# Replacing stair treads



## innovous (May 26, 2007)

We will be replacing stair treads for a client on an exterior, spiral staircase. The plan is to use AZEK boards (plastic as opposed to a composite like Trex). Simple enough, right?

Well, here is the rub: The customer is dead set on using a butt-joint/rub-joint on the long edges (he is a hobbyist carpenter), with the goal of having a cleaner look.

I have explained to him the expansion/contraction properties of this material, and the need for drainage because of encapsulated stringers.

He doesn't care. He doesn't think the boards will expand & contract that much.

Since this is an add-on to a current remodel (and he is a good customer) I want to do it, but I am worried about the warranty side.

Anybody have advice or experience with AZEK boards? Am I just over-worrying about this?

Thanks.


----------



## skyhook (Mar 17, 2007)

Letting the customer tell you how to do your job is a recipe for disaster.


----------



## innovous (May 26, 2007)

He is not telling me how to do my job. Either I decide to do it, or I don't.


----------



## hharshaw (Dec 20, 2008)

As a business owner, you should be concerned with warranty issues as they may arise. To start off right you should set the expectation that you are not familiar with this product and its actual expansion and contraction issues. This is still a fairly new product and should be tested in the field more to give a more quantitative answer. In statistics when there is a set of variables with no real data points to compare against this is considered not enough information to base an answer on. So for the stair treads you need to make clear in writing and get it sighned, that you are not the manufacturer and should not be held liable for using the product in a manner that might void manifacturers warranty. 

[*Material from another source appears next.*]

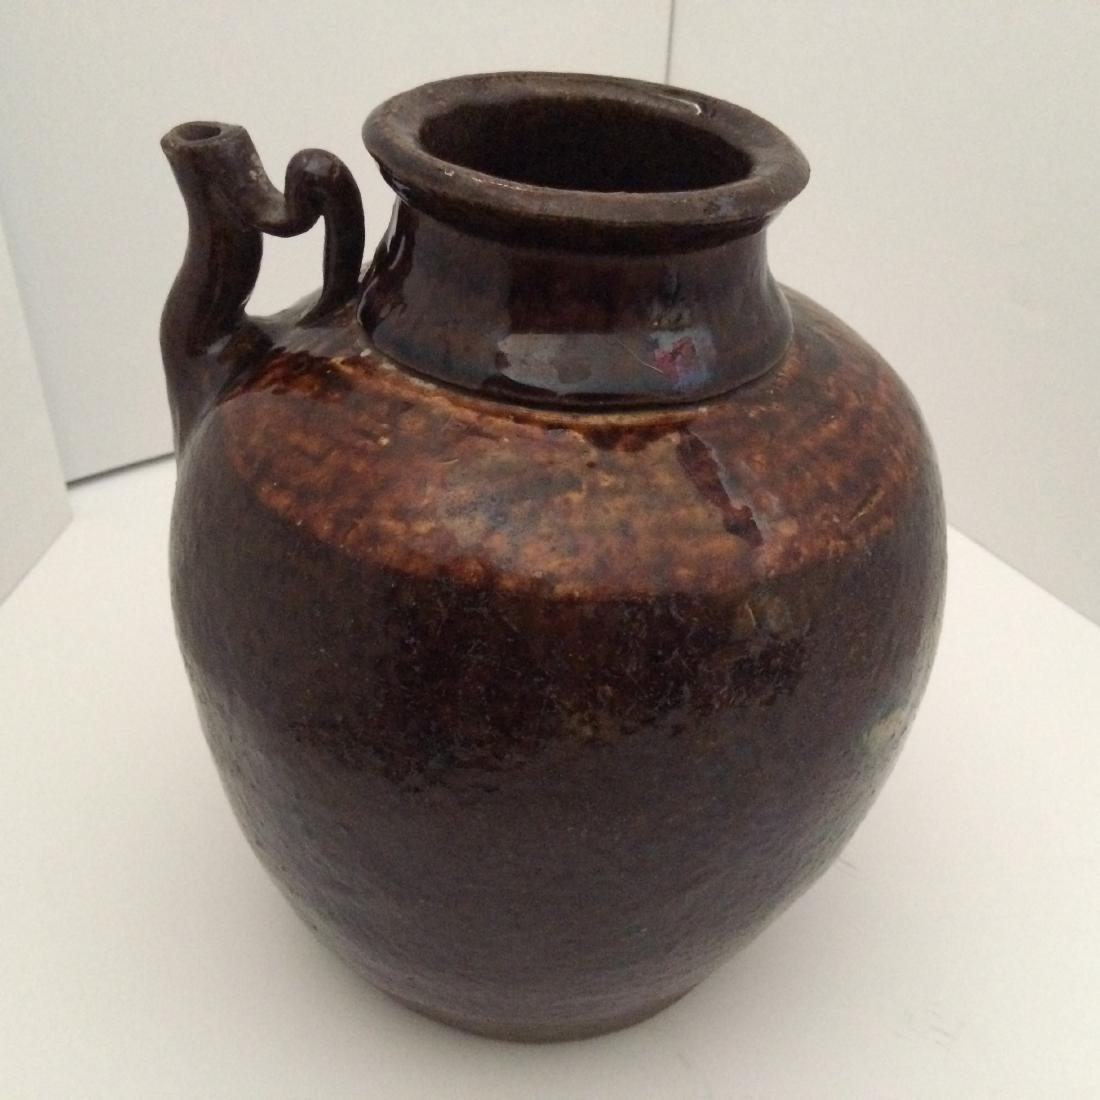 "Yuan Dynasty Ware Pot (9""H)"
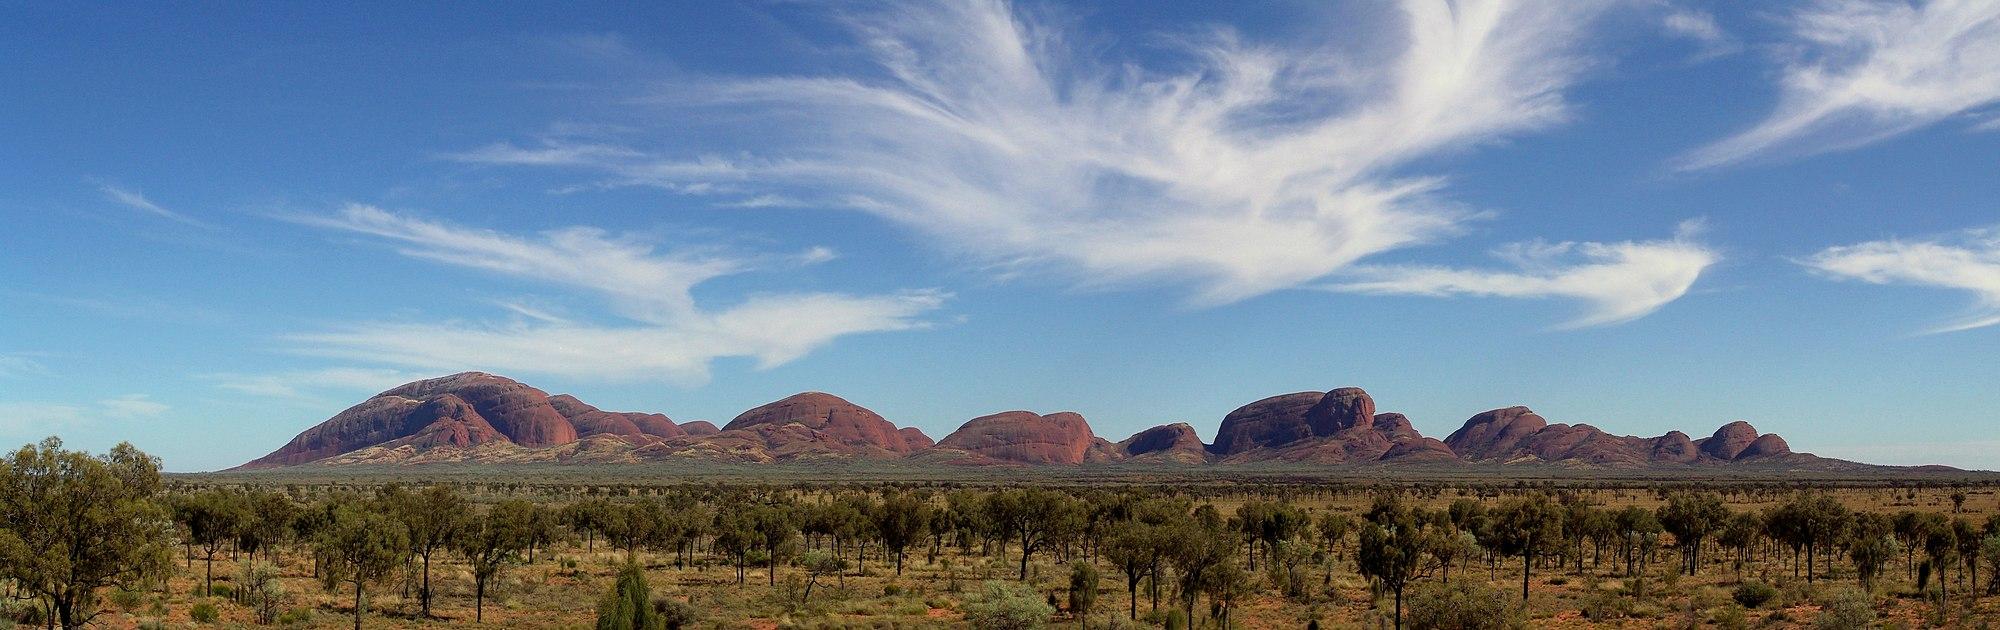 Uluru-Kata Tjuta National Park, Australia  № 891714 загрузить

You need to protect yourself for all cases. Even a good customer can go bad.


----------



## neolitic (Apr 20, 2006)

Take a good look at the installation
PDF on the Azek site.
It won't span more than 16" oc,
and they want solid blocking
under the joints for treads.
If you can't meet those conditions
it won't fly.
This stuff isn't really structural.


----------



## genecarp (Mar 16, 2008)

If you need the work, have the HO sign off on the installation details that he is insisting on. His request will surely cause problems down the road. G


----------



## thom (Nov 3, 2006)

genecarp said:


> If you need the work, have the HO sign off on the installation details that he is insisting on. His request will surely cause problems down the road. G


Signing off by the HO is meaningless. The contractor is considered the professional, the HO is considered ignorant (and probably is). Nothing the homeowner signs or agrees to relieves the professional from his responsibilities. Those responsibilities include: meeting minimum code requirements, following manufacturers instructions/recommendations, delivering a product in a workmenlike manner.


----------



## A W Smith (Oct 14, 2007)

If someone gets hurt on those stairs will your waiver hold up in court and pay for your defense?


----------



## KennMacMoragh (Sep 16, 2008)

thom said:


> Signing off by the HO is meaningless. The contractor is considered the professional, the HO is considered ignorant (and probably is). Nothing the homeowner signs or agrees to relieves the professional from his responsibilities. Those responsibilities include: meeting minimum code requirements, following manufacturers instructions/recommendations, delivering a product in a workmenlike manner.


That just doesn't sound right. It seems to me you should be able to do a job and say "Hey I can't guarantee this". I'd ask a construction law attorney in the area.


----------



## thom (Nov 3, 2006)

KennMacMoragh said:


> That just doesn't sound right. It seems to me you should be able to do a job and say "Hey I can't guarantee this". I'd ask a construction law attorney in the area.


go ask your attorney. Some of us have been there. 

Many businesses use waivers all the time. I'm a scuba diver. Every dive operation has every customer sign a waiver. They don't hold up in court. I'm a balloonist. Every balloonist has every rider sign a waiver, they don't hold up in court either. A customer cannot sign away his right to sue you for not doing things properly. The law doesn't allow that so the waiver will not hold up. 

Beyond that, code requires you to follow manufacturers recommendations. If you don't follow those recommendations you are violating building code. The statute of limitations on that starts running when the violation is discovered. You could be held responsible by a subsequent owner. You could be held responsible by a visitor who slips or a child or ......


----------



## innovous (May 26, 2007)

neolitic said:


> Take a good look at the installation
> PDF on the Azek site.
> It won't span more than 16" oc,
> and they want solid blocking
> ...


Neolitic -- thanks, this is what I was looking for.

Good stuff all, Thanks for all the advice...


----------



## Burby (Nov 25, 2008)

thom said:


> Signing off by the HO is meaningless. The contractor is considered the professional, the HO is considered ignorant (and probably is). Nothing the homeowner signs or agrees to relieves the professional from his responsibilities. Those responsibilities include: meeting minimum code requirements, following manufacturers instructions/recommendations, delivering a product in a workmenlike manner.


This is so true & what I try to politely explain to so many on here. I'm not a lawyer, but I been involved in so many cases, doing litigation work between Contractors & H/Os. So many times there is this addition in the contract, H/O assumes liability for what ever, h/os signature as well, but in court it stands as Thom has explained above. More than not, the judge favors the h/o even more because with this in writing the Contractor "knew" it was wrong and proceeded. This is such an admission of wrong on the Contractor's side. In other words it was the senence that hung the Contractor. Because of the money, knowing it was wrong, getting the h/o's signature does not make it right. 
Take heed in Thom's words for the next time any may run into this. 
Some things it may work for cause it never makes it to a legal state, but when & if it ever does, this claus will hang you faster than not. Not have it in writing, one can plead no intent to do wrong.


----------